Priority List
-
Determination of validity of existing data
-
Peer revue of code
-
I've forgotten most of what I did, so I can plausibly be considered one
peer; another would be nice.
-
At the very least, flag questionable points in the code and nag Stefan
about them.
-
Segmentation of results?
-
The sampling graph shows distinct sampling strata, especially for the much
maligned loss data.
-
This might be due to how I'm extracting loss data; see peer
revue
-
We might want to use only those that have high sampling rates; the upper
stratum.
-
Statistical tests on the data? I read about those somewhere...
-
Time to call 411
-
See graphs; Stefan's point about questioning the
validity of the data via examination of graphs seems valid. Specifically,
-
The sampling graphs {latency,
drops}
-
My thought is that the xmas-tree demonstrated in the loss graph, and to
some extent the latency graph is the source of the tree in the correlation
and general loss graphs.
-
Why is it so stratified? There was probably a point in the study
where I entered a number of new points; thus, new paths came to be measured
in addition to the old.
-
It's unclear to me right now why that would cause the probability distribution
stratification, however.
-
Graphs, more of them.
-
Evil Nap
-
Graph the number of paths with better alternates that pass through known
congestion points. Corbató can give us a list of NAPs to test
against.
-
Search for common links/hops/AS's
-
for each hop, number of bad paths containing that hop
-
do again, but subtract hops that appear in good paths (idea is to only
consider hops that only appear in bad paths)
-
for each bad path, number of hops in common with other bad paths
-
do again, but use number of hops only held in common with other bad paths
(i.e.. don't appear in good paths)
-
Do this at the AS granularity (we can use the code from AS-Traceroute
to transform our traceroute measurements into AS-path measurements)
-
Multi-time scale analysis... is routing inefficiency the same across different
time scales?
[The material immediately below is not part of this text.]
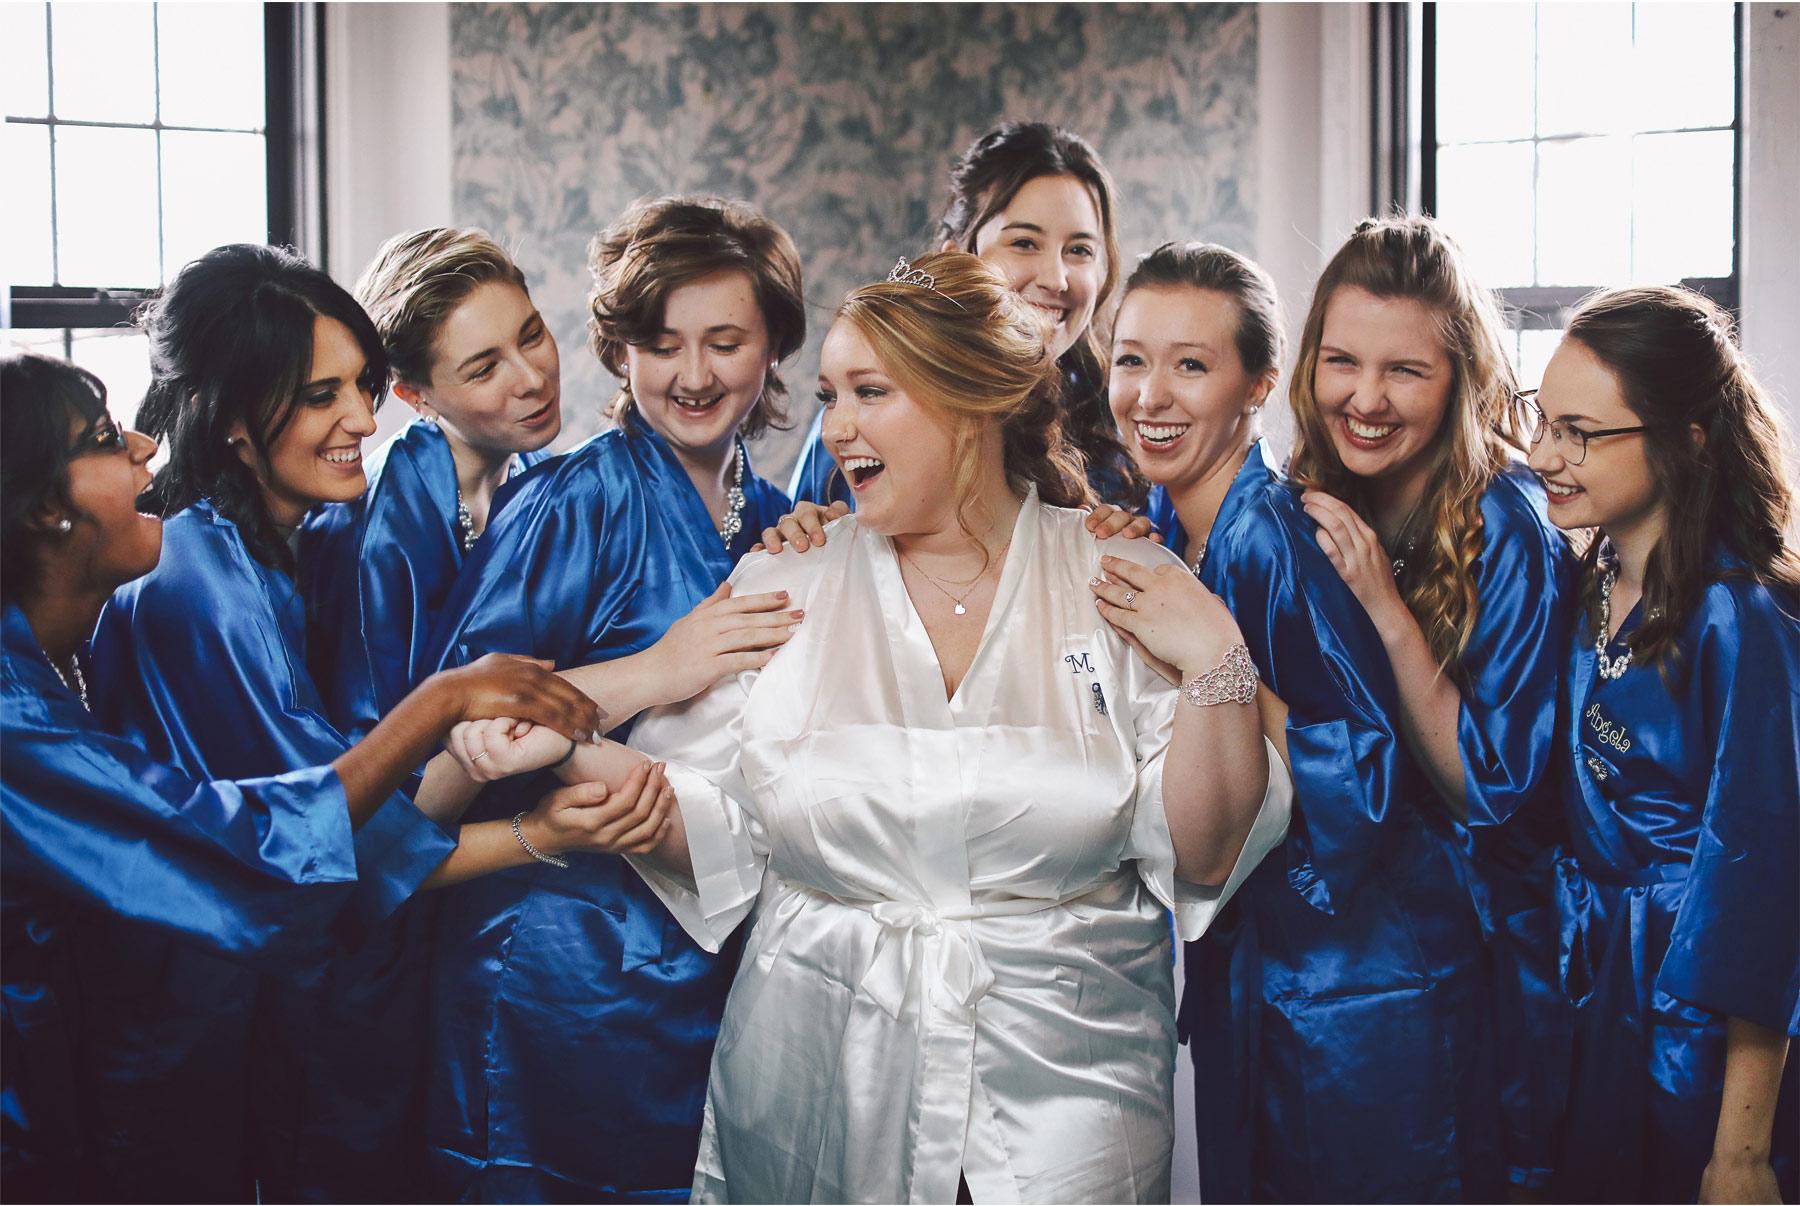 02-Saint-Paul-Minnesota-Wedding-Photography-by-Vick-Photography-The-University-Club-Bridesmaids-Robes-Mari-and-Giuseppe.jpg

Very easy to test (10 minutes, 1 hour, 8 hours, 24 hours,
two days, one week, one month)
-
Correlation
between drop rates and path length? (we'd expect so)
-
Correlation
between drop rates and RTT? (we'd expect so)
-
More?
-
General [1]
-
Relative difference in latency between best path wrt hop count and best
path wrt latency
-
Absolute difference in latency between best path wrt hop count and best
path wrt latency
-
Relative difference in loss rate between best path wrt hop count and best
path wrt loss rate
-
Absolute difference in loss rate between best path wrt hop count and best
path wrt loss rate
-
Then do the same thing for best paths wrt AS-path length.
-
Search for bad hops
-
look for a big latency jump in traceroute
-
look for a big increase in drop rate in traceroute
-
top x worst hops that add up to difference between path and best better
path (idea is that these hops are contributing the added "badness")
-
for each bad hop, plot number of paths containing it
-
General - 2
-
Median equivalents of the current graphs?
-
I have the data on hand.
-
Empirically, the median curve is not that much different, but if it provides
us with a stronger case, then perhaps a good idea.
-
Translation of our two-way loss data into one-way loss data
-
( 1 - P( you get a response from the end host |
your initial UDP got through ) ) into one-way loss data
-
( 1 - P( your initial UDP got through ) or 1 - P( your response
packet, known to be sent, was received by you ) ).
-
Dammit John, why aren't you running SPF yet?
-
I'm lazy
-
Triangles are easier to reason about right now.
-
Ouruboros / The Second Coding of John
-
Pulling out my original code set/ideas for pseudo-instantaneous measurements,
and integrating it into the existing framework.
-
If we do instantaneous, it would seem as though we'd have to do
a simultaneous average cost study, to have comparable results.
-
Integration/coordination is required, to avoid overloading the slave servers.
-
And yet we have to segregate the result sets, to retain non correlation
claims about the concurrent cost average data set.
-
What is the time window we will declare as instantaneous?
-
Explication of the Ngon size determines window size, along with the number
of concurrently running traceroutes we'd allow on that server, server hit
rate distribution, etc.
-
Should we contact a few key points, and ask to be able to put heavier load
on them?
-
MIT, UTexas, etc..
-
Or would this necessarily unbalance the study? (probably).
-
What are the selection criteria for a given Ngon?
-
Purely random selection?
-
Dynamic analysis of the time average data, providing promising paths at
runtime
-
Analysis of the existing data set for "seed" Ngons.
-
More nodes [2]
-
PASTA, PESTO
-
Pareto Encapsulation of Statistical Testing Operations?
-
Fix the server bug, or rewrite the bloody thing; a bulky server is unnecessary.
-
What are the stability characteristics of the better indirect paths?
-
"Predictability of alternate routes"
-
Technical Report
-
Goals
-
MSA?
-
"One idea is to create a tool that uses the measurements to select/advertise
routes. We should have a straw proposal for how this would work (i.e.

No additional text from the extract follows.